However, according to our investigation, it has been found that the colored resin particles of 5 microns or below are an essential component to form a high-quality image.

For example, we have conducted the following experiment by using a two-component developer comprising a carrier and a toner which comprises a fluidity and colored toner particles.

Thus, there was formed on a photosensitive member a latent image wherein the latent image potential on the photosensitive member was changed from a large developing potential contrast at which the latent image would easily be developed with a large number of colored resin particles, to a halftone developing potential, and further to a latent image comprising minute dots at which the latent image would be developed with only a small number of colored resin particles.

Such a latent image was developed with a two-component developer comprising carrier and a toner which comprises a fluidity and colored resin particles toner having a particle size distribution ranging from 0.5 to 30 microns. Then, the colored resin particles attached to the photosensitive member were collected and the particle size distribution thereof was measured. As a result, it was found that on the latent image comprising minute dots, there were many colored resin particles having a particle size of 8 microns or below, particularly about 5 microns. Based on such finding, it was discovered that when colored resin particles of about 5 microns were so controlled that they were smoothly supplied for the development of a latent image formed on a photosensitive member, there could be obtained an image truly excellent in reproducibility, and the colored resin particles were faithfully attached to the latent image without protruding therefrom.

It is preferred that the colored resin particles according to the present invention contain 0.1-5.0% by volume of particles of 12.7-16.0 microns. Such a characteristic relates to the above-mentioned necessity for the presence of the colored resin particles or non-magnetic toner particles of 5 microns or below.

As described above, the particles having a particle size of 5 microns or below have the ability to faithfully reproduce a latent image comprising minute dots. However, because such particles per se have a considerably agglomerative property, they sometimes impair the fluidity as colored resin particles or toner particles.

In order to improve the fluidity, we have attempted to add a fluidity improver as described hereinafter (preferably, a mixture of two or more species of inorganic oxides) to the above-mentioned toner. However, it was found that there was only a little latitude in conditions satisfying respective items of image density, toner scattering, and fog when an inorganic oxide was simply added.

As a result of further investigation on the particle size distribution of toners, we have found that the problem of fluidity is solved and high image quality is attained by causing a toner to contain 15-40% by number of non-magnetic toner particles of 5 microns or below and to contain 0.1-5.0% by volume of toner particles of 12.7-16.0 microns.

According to our knowledge, the reason for such phenomenon may be considered that the colored resin particle of 12.7-16.0 microns have a suitably controlled fluidity in relation to those of 5 microns or below. As a result, there may be provided a sharp image having a high-image density and excellent resolution and gradation characteristic, even in successive copying or print-out.
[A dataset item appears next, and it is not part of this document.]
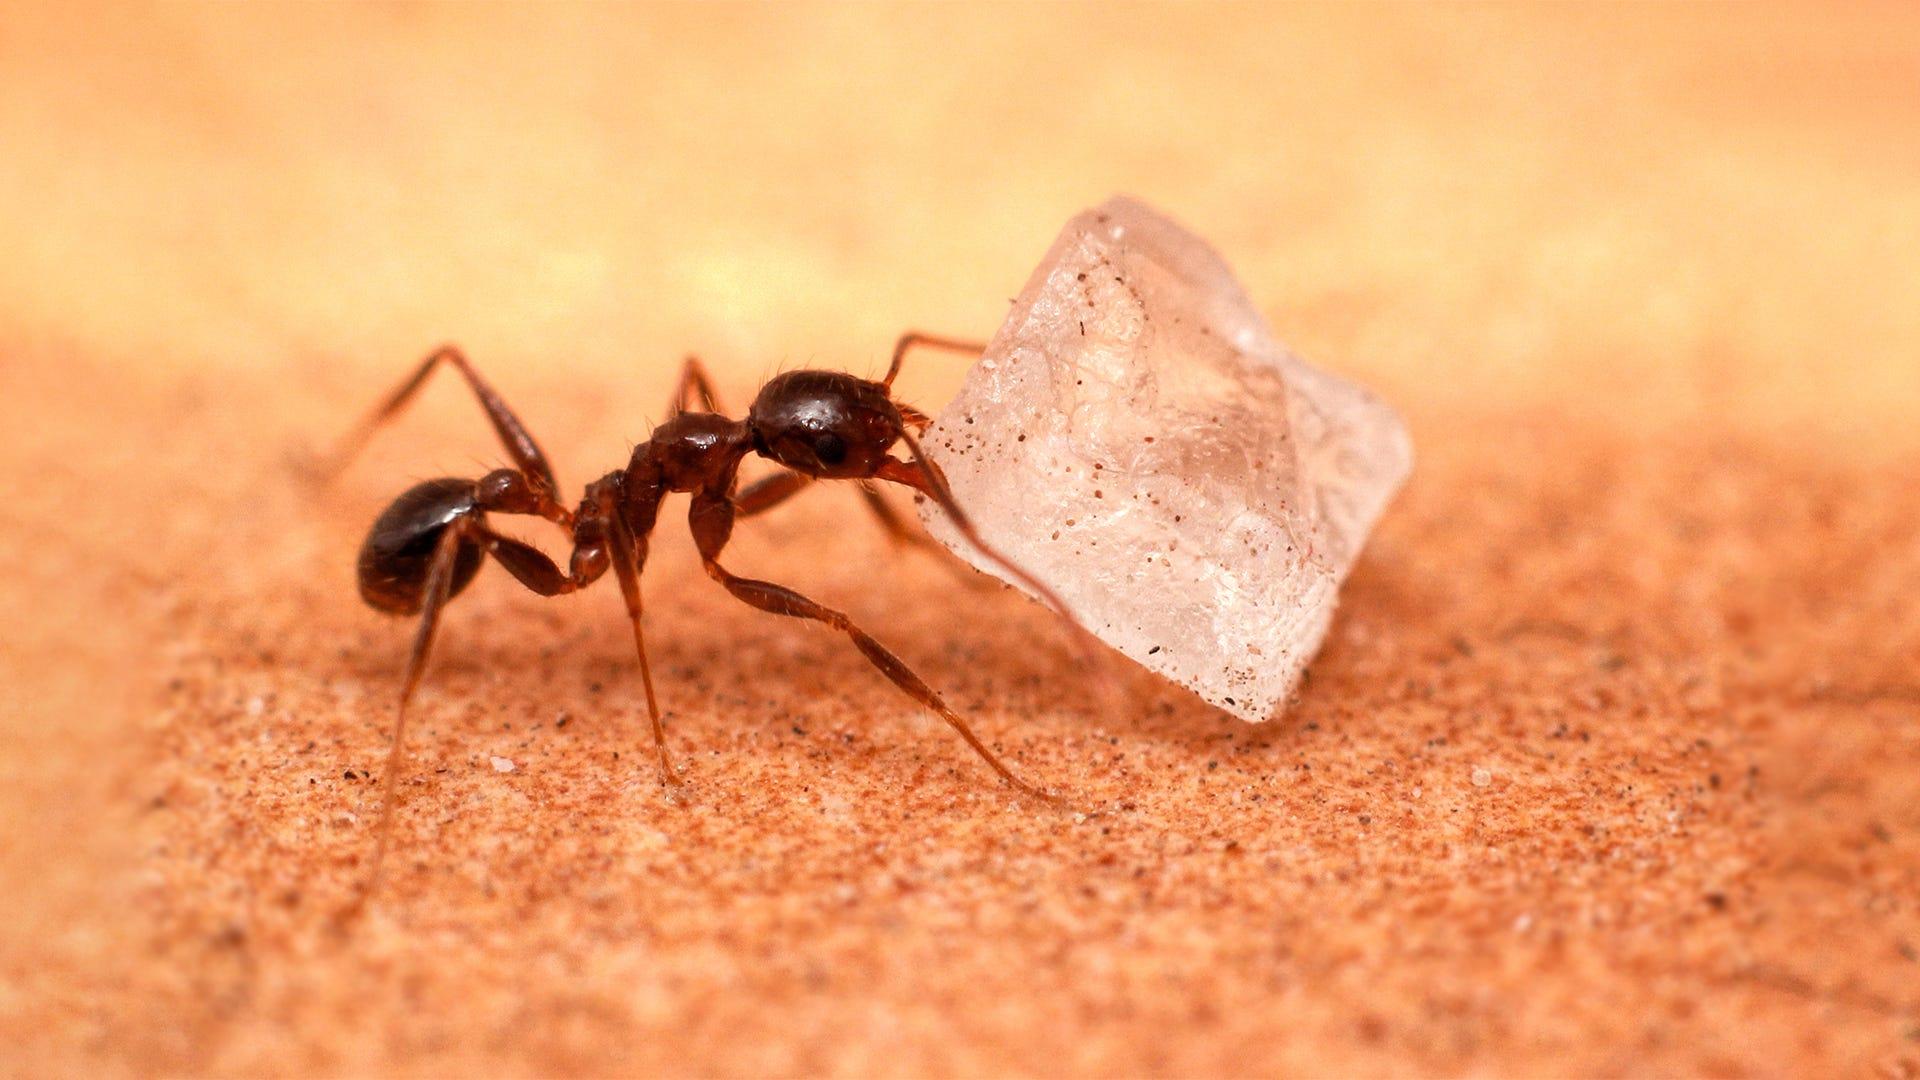 Get Rid of Sugar Ants in 3 Steps

In the toner according to the present invention, it is preferred that having a particle size of 6.35-10.1 microns satisfy the following relation between their percentage by number (N), percentage by volume (V), and volume-average particle size (dv):

9≦(Vdv)/N≦14,

wherein

6≦dv≦10.

According to our investigation on the state of the particle size distribution and developing characteristics we have found that there is a suitable state of the presence of the particle size distribution. More specifically, in a case where the particle size distribution is regulated by general wind-force classification, it may be understood that a large value of (Vdv/N) indicates that the proportion of colored resin particles of about 5 microns capable of faithfully reproducing a latent image of minute dots is large, and a small value of (Vdv/N) indicates that the proportion of particles of about 5 microns is small. When dv is in the range of 6-10 microns, and the relation represented by the above-mentioned formula is satisfied, good fluidity of the toner and good reproducibility with respect to latent images are attained.
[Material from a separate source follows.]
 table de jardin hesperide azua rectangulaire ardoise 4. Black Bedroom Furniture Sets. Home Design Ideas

In the present invention, colored resin particles having a particle size of 16 microns or larger are contained in an amount of 1.0% by volume or below. The amount of these particles may preferably be as small as possible.
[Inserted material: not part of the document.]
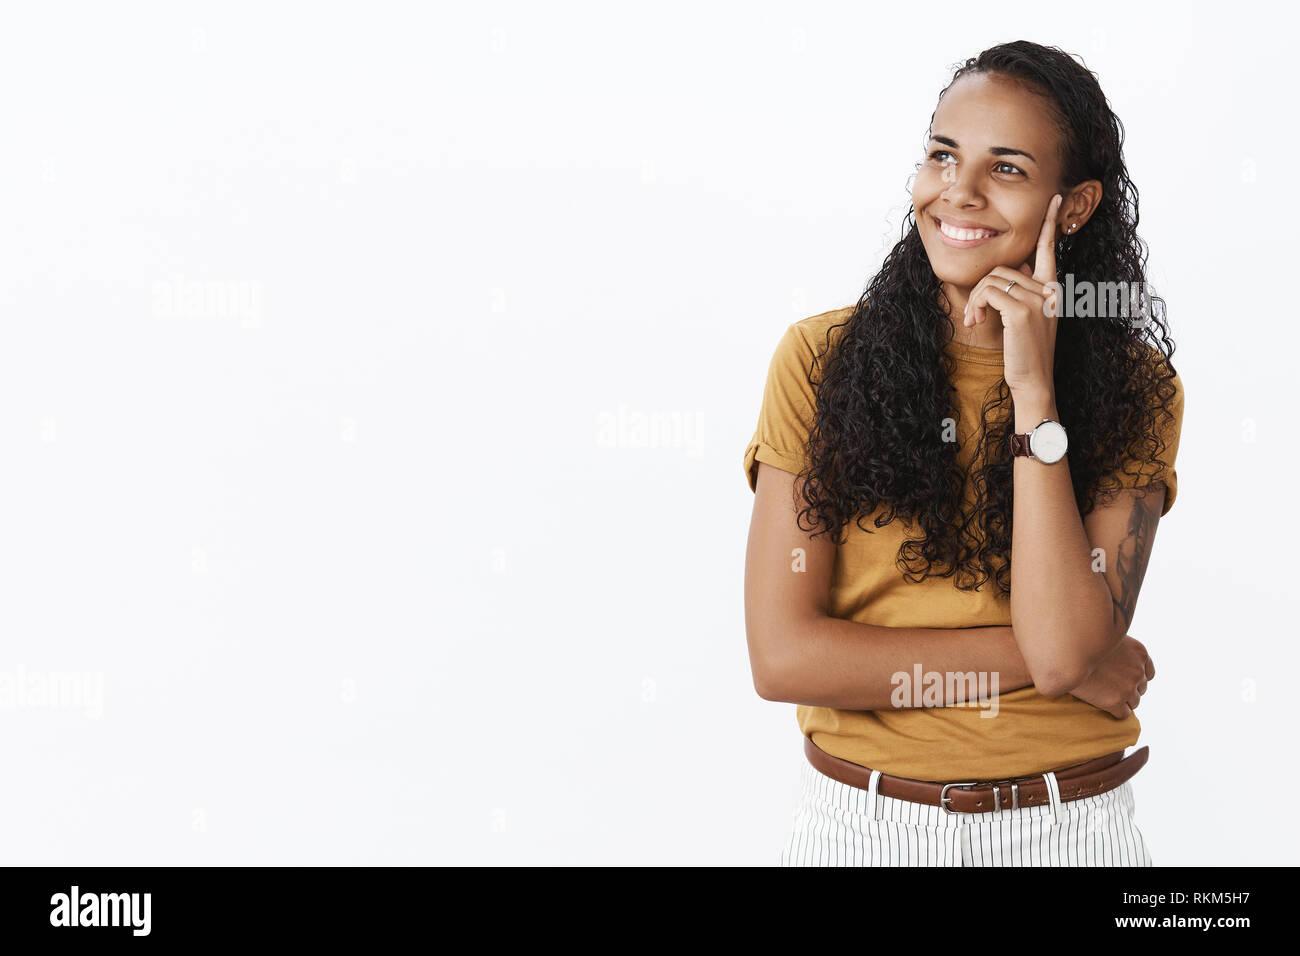 Innen- schuss von glücklichen unbeschwerten charmante african-american erfreut, Frau in t-shirt Holding Finger auf Tempel zufrieden lächelnd wie nostalgischen Blick links Stockbild

Hereinbelow, the present invention will be described in more detail.

In the present invention, the colored resin particles having a particle size of 5 microns or smaller may preferably be contained in an amount of 15-40% by number, more preferably 20-35% by number, based on the total number of particles. If the amount of colored resin particles of 5 microns or smaller is smaller than 15% by number, the particles effective in enhancing image quality is insufficient. Particularly, as the toner particles are consumed in successive copying or print-out, the component of effective colored resin particles is decreased, and the balance in the particle size distribution of the toner shown by the present invention is deteriorated, whereby the image quality gradually decreases. On the other hand, if the above-mentioned amount exceeds 40% by number, the toner particles are liable to be mutually agglomerated to produce toner agglomerates having a size larger than the original particle size. As a result, roughened images are provided, the resolution is lowered, and the density difference between the edge and inner portions is increased, whereby an image having an inner portion with a little low density is liable to occur.

In the toner of the present invention, the amount of particles in the range of 12.7-16.0 microns may preferably be 0.1-5.0% by volume, more preferably 0.2-3.0% by volume. If the above-mentioned amount is larger than 5.0% by volume, not only the image quality deteriorates but also excess development (i.e., excess cover-up of toner particles) occurs, thereby to invite an increase in toner consumption. On the other hand, if the above-mentioned amount is smaller than 0.1% by volume, the resultant high image density is lowered because of a decrease in fluidity.

In the toner of the present invention, the amount of colored resin particles having a particle size of 16 microns or larger may preferably be 1.0% by volume or smaller, more preferably 0.6% by volume or smaller.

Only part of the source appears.